About Mike Shaw


Mike Shaw was in his late teens when he arrived in Soho, London’s most off beat colourful district.  It was the time of Carnaby Street, Christine Keeler and the Beatles.

His one burning ambition was to become an artist.  So, he took private lessons paid for by working, weather permitting, as a pavement artist.  He had a pitch near Leicester square.  Every evening he would visit one of the many cinemas around the square to watch the incredible movie stars of that era, then spend long days in his small rented room transferring their faces into an image of his own totally unique cinematic style.

As the work started to roll in he moved into his own studio/apartment in the aptly named Dean Street (James Dean being his all time favourite movie icon).

ii10Mike spent his time with actors, writers, poets, musicians, and other assorted Soho characters of that wild bohemian era.  Quentin Crisp called him the last true street artist whose work has a timeless quality.  Mike did a portrait of Quentin that Quentin loved but it was destroyed along with so many others before he could collect it as I will explain.

Mike had spent almost three years building a collection that an agent wanted to show around the country. Starting in Rye and Brighton it would move on to Liverpool and Manchester and finish a year later in London.  Tragically, it was not to be.  On returning to his studio one winter afternoon he found water pouring through the ceiling onto his beloved artwork.  The water tank in the empty apartment above had burst.  Over 160 paintings were ruined, another 100 or so were safe in an adjoining room and many of those are the ones you see on display on this site.  The shock of this brought on a breakdown and he painted nothing for the next 5 years.

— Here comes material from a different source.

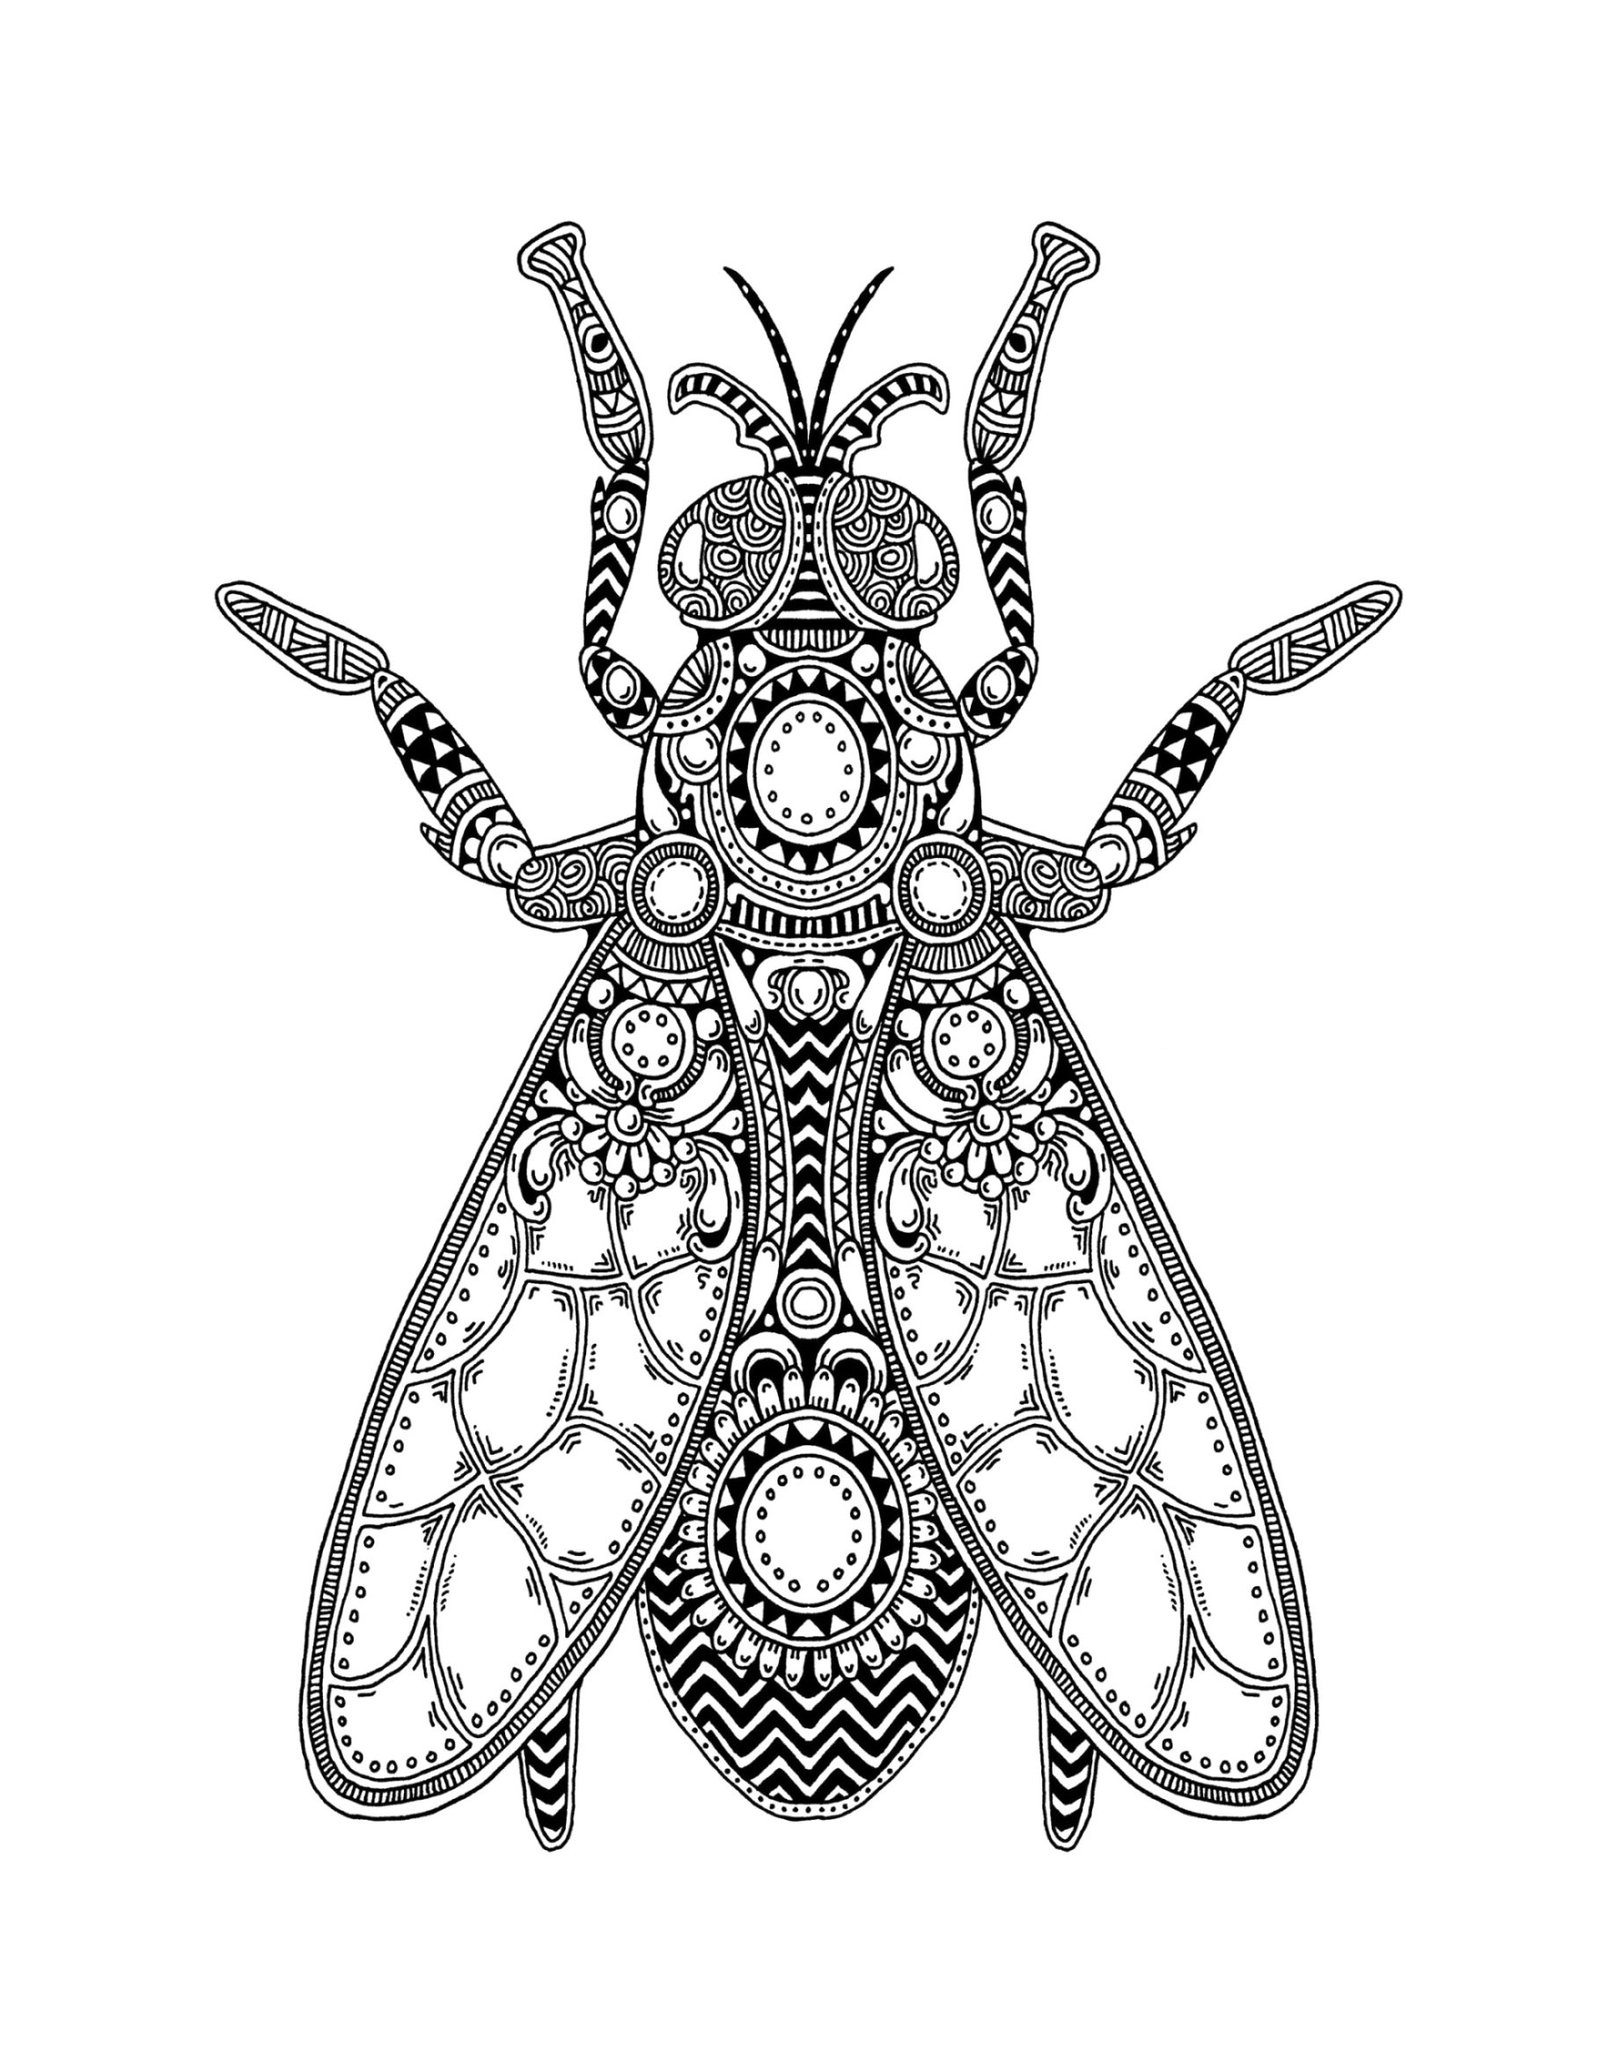 Coloriage Mouche, Mandala de Mouche, un dessin insecte anti-stress gratuit à imprimer sur iColorify.com

Mike started the long road back when he was asked to provide the illustrations for several books.  Many of the paintings here are the originals that appear in “Wish you were here Jimmy Dean”,  “The Timeless James Dean”, and on the front cover for the best seller “Bram Stoker’s Irving”, and many more.  This brought his work to the attention of a new generation.  He is now, by his own admission, somewhat of a recluse, but is back in London and working harder than ever working on commissions of such famous faces as Barack Obama, Simon Cowell and Amy Winehouse.  His work adorns the walls of  private collections worldwide.   He says ‘I lost some years but whatever time I have left I want to concentrate on my art, working on the images that we see today, but I think my heart is still in the 1950’s and 60’s’.

stagedoorWe hope you enjoy the painting as much as we do.